Named after the prominent nineteenth century African American educator and author, the Booker T. Washington Cemetery was one of the first Black cemeteries in the American Bottom. Dedicated in 1903 by R.M.C. Green, an African American undertaker from Edwardsville, the cemetery was to be a central site for the interment of Blacks from throughout the region. Prior to its founding, African American bodies were either banned or ghettoized to the margins of the region’s cemeteries. That cemeteries, like virtually all other spaces of American life, were segregated is perhaps not a surprise. Accepting Black bodies was essentially left to the prerogative of individual cemetery owners up until 1968, when the Supreme Court, in their ruling of Jones v. Meyer, effectively ended legal discrimination in the rental or sale of property. Writing in the brief that “all citizens shall have the same right, in every State and Territory, as is enjoyed by white citizens thereof to inherit, purchase, lease, sell, hold, and convey real and personal property,” the justices put forward a legal ruling that in principle, if not in fact, desegregated property ownership and rental—including the eternal rental of a burial plot.
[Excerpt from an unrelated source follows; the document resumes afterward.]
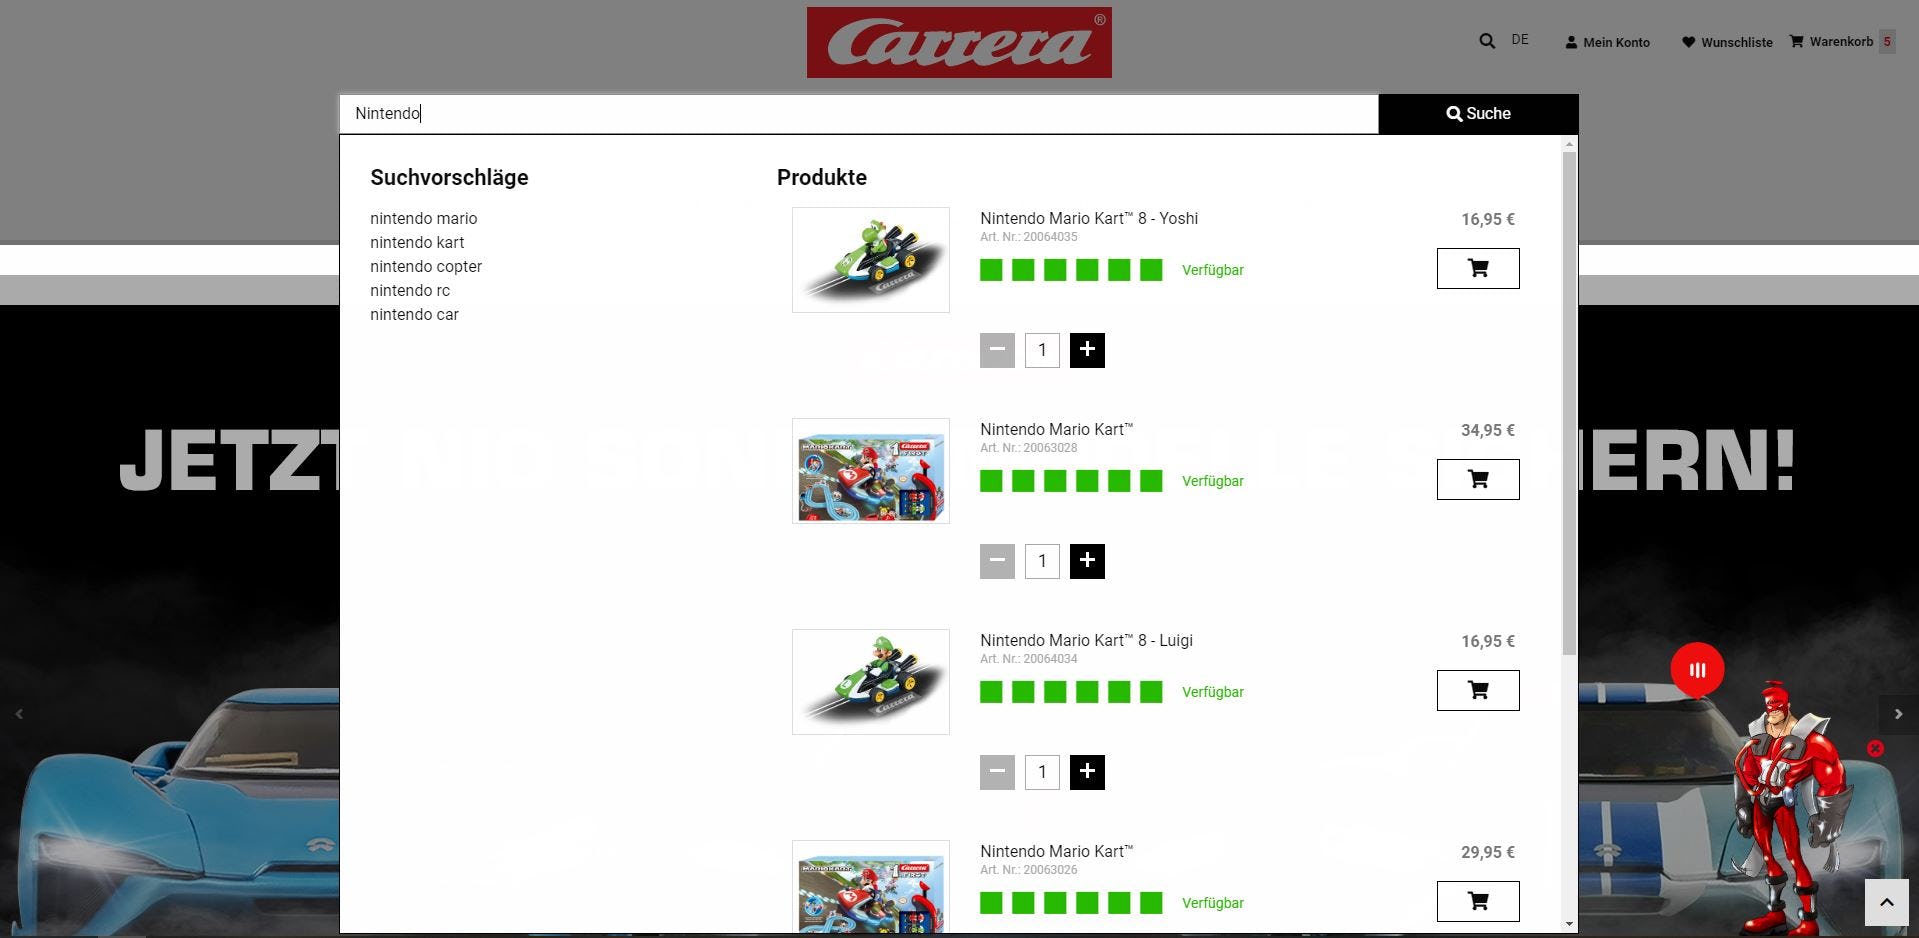 carrera-toys.com: Screenshot

Responding to the racial exclusion of other cemetery managers, and building on a Black self-determination movement, the Booker T. Washington Cemetery received thousands of bodies through the first half of the twentieth century, until desegregation saw that trend gradually decline. Importantly, the Green brothers played a central role in supporting victims of the 1917 East St. Louis pogrom, and the cemetery received remains of many of the African Americans killed in the violence of that July. While the total number of interments is not known (numbers range from 2,000 to 12,000), the cemetery is known to have received the bodies of hundreds of children killed by influenza in the epidemic of 1918.
Currently, the cemetery sees sporadic upkeep—with annual cleanups removing brush and overgrowth from the remaining headstones.